**Exercise directions**. In the records below, find the line containing "klorane kullanıcı yorumları" and the line containing "Photo of Met"; please repeat exactly the lines from one to the other, both included, and nothing more.

----- Records provided

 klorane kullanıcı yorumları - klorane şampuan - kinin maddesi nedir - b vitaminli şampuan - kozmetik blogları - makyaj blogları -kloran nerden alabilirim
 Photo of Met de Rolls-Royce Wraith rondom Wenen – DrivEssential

----------
----- Records provided

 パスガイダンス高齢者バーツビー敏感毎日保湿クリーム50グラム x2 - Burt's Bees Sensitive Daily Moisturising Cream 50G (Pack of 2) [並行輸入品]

----------

**Written solution**.
 klorane kullanıcı yorumları - klorane şampuan - kinin maddesi nedir - b vitaminli şampuan - kozmetik blogları - makyaj blogları -kloran nerden alabilirim
 Photo of Met de Rolls-Royce Wraith rondom Wenen – DrivEssential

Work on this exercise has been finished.